Проводив нас, Борька почти отказалась от пищи, — говорят, так поступают только очень умные собаки. Она днями лежала на ковре возле любимого кресла, подняться на которое ей уже не хватало сил. А в тот предотлетный вечер за три часа до нашего звонка кошка забралась на столик, где стоял телефон. Как? Из каких сил? Никогда до этого мы ни разу ее не видели на столь неудобном месте, вечно заваленном справочниками и бумагами.
Борька прочно прижалась к телефонному аппарату и умоляюще поднимала на всех роскошные зеленые глаза: не гоните, не трогайте. Не испугала ее и трель междугородного звонка. Пока шел разговор, пока трубка переходила из рук в руки, кошка так и оставалась на столике. Она нервно тянулась седыми усами на звук знакомых голосов. Как она уловила их неверным ухом? Непонятно.
— Это непостижимо, — рассказывала мне сестра, — знаешь, жутковато было смотреть ей в глаза, такие они у нее пронзительные сделались. Ну не может быть, чтобы она предчувствовала? Мистика какая-то…
Телефон дал отбой, Борька сползла со стола. И все. Больше к нему не подходила.
Дотянула она до Нового года, а под Новый год… Как будто знала, что все равно не дождется. Так стоит ли начинать год?
С тех пор в нашем доме нет и, видимо, не будет кошки. Не решил ли в душе каждый из нас, что предательство по отношению к Борьке завести вместо нее другую? Наверно, так оно и есть, а признаться друг другу как-то неловко: несерьезно вроде, сентиментально.
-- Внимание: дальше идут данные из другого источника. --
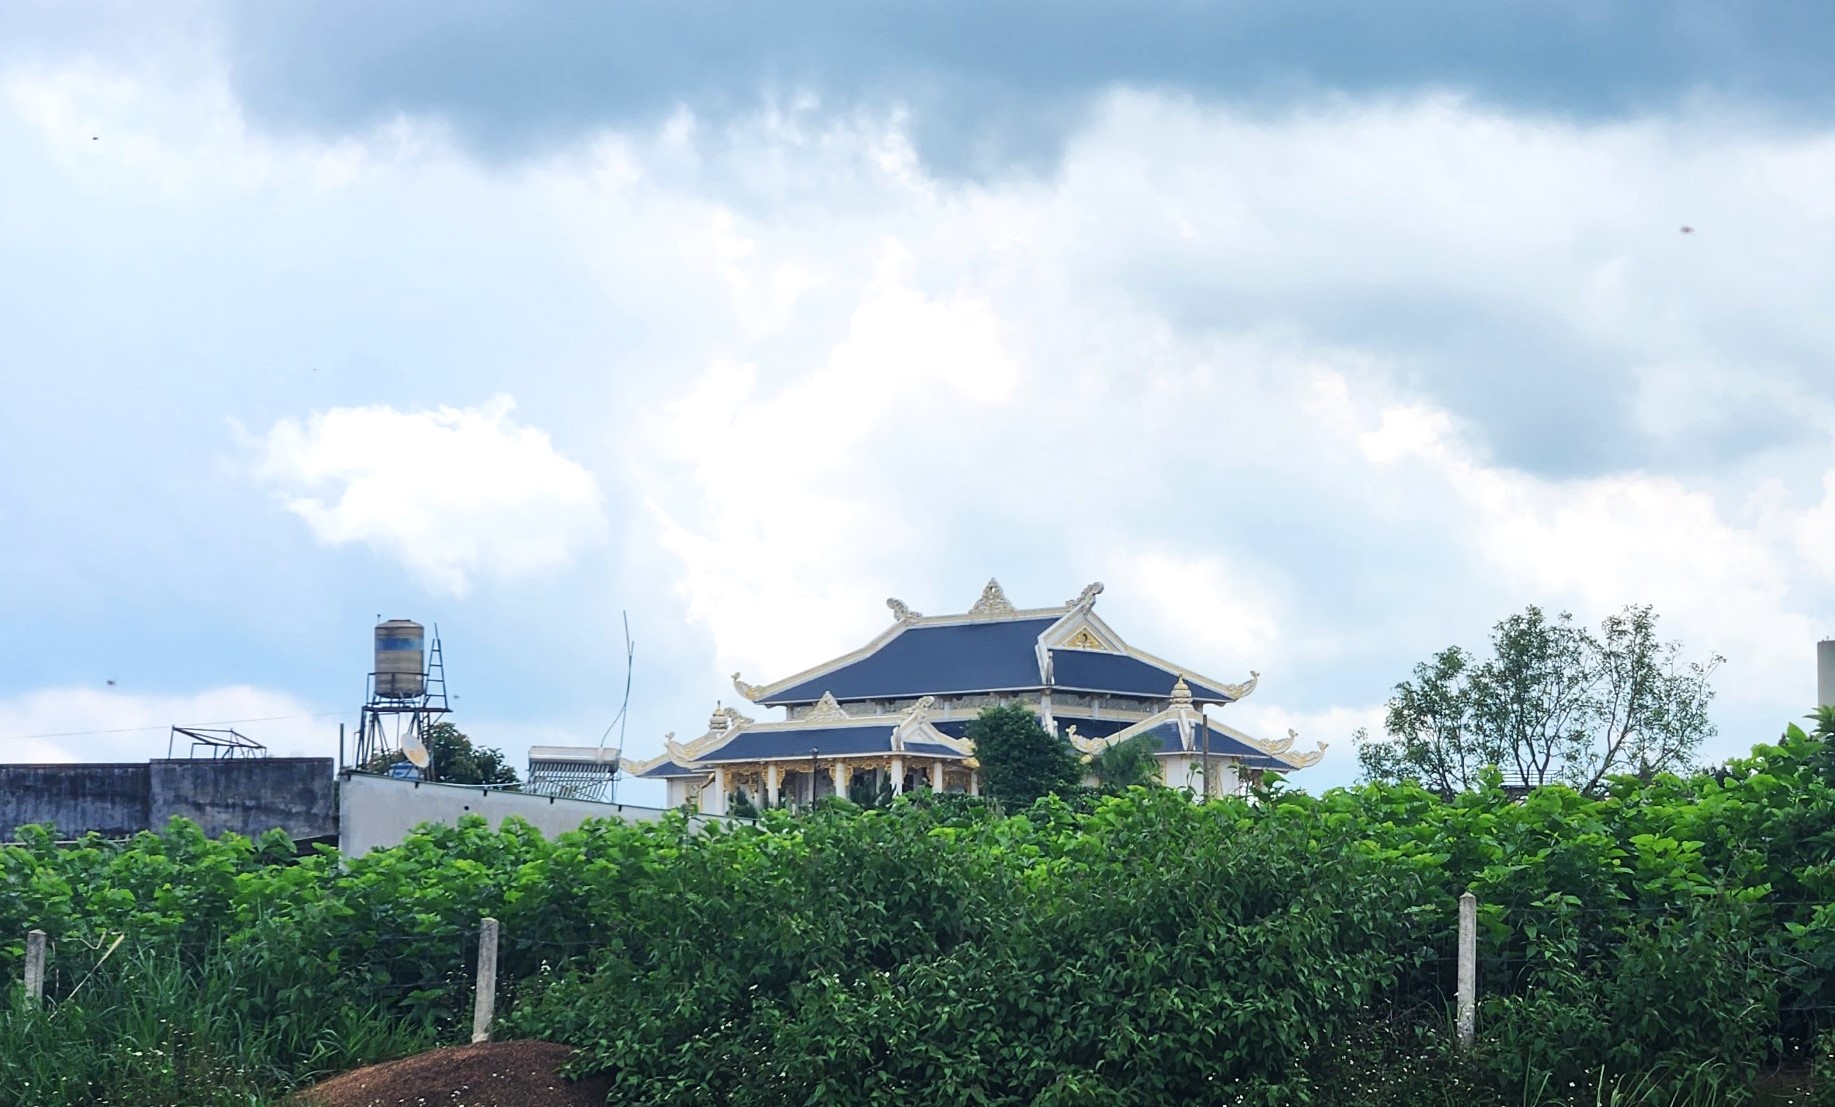 Qua kiểm tra của UBND TP Bảo Lộc thì Căn nhà xây dựng có hình dáng giống chùa xây dựng trên đất nông nghiệp, với diện tích khoảng 800 mét vuông

Среди фотографий, сделанных Андреем еще в школьные годы, сохранился и снимок с Борькой. Она смотрит на меня строгими умными глазами, и взгляд ее полон спокойствия и достоинства. Каждый раз, когда снимок попадает мне в руки, я удивленно спрашиваю себя: как я могла огорчиться от того, что мои глаза похожи на кошачьи?
Как, однако, немудры и обидчивы мы в молодости.
Сейчас к этому я отнеслась бы иначе…
По Исфагану снуют пронзительные декабрьские ветры. Слякоть. Снег падает и тает, падает и тает. Черной жижицей полны выщербины старых тротуаров.
Жилье для советских специалистов не готово, и мы уже месяц томимся в отеле, снятом металлургической корпорацией. Мужчины на работе, дети в школе, и только женщины не у дел. Отлучаться из гостиницы, не зная ни языка, ни города, рискуют немногие. Кто-то спит, пользуясь вынужденным бездельем, кто-то читает уже не раз прочитанную книгу.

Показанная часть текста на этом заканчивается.